EXERCISE =>
Look in the material below for the line with "Breastfeed Croydon on" and the line with "807th MC(DS) welcomes a new commander", then set down exactly those two lines and all lines between, nothing more.

PROVIDED MATERIAL =>
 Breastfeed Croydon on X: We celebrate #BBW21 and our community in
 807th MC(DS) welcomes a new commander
--
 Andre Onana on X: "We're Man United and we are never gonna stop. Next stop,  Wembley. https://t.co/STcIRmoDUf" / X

SOLVED PROBLEM =>
 Breastfeed Croydon on X: We celebrate #BBW21 and our community in
 807th MC(DS) welcomes a new commander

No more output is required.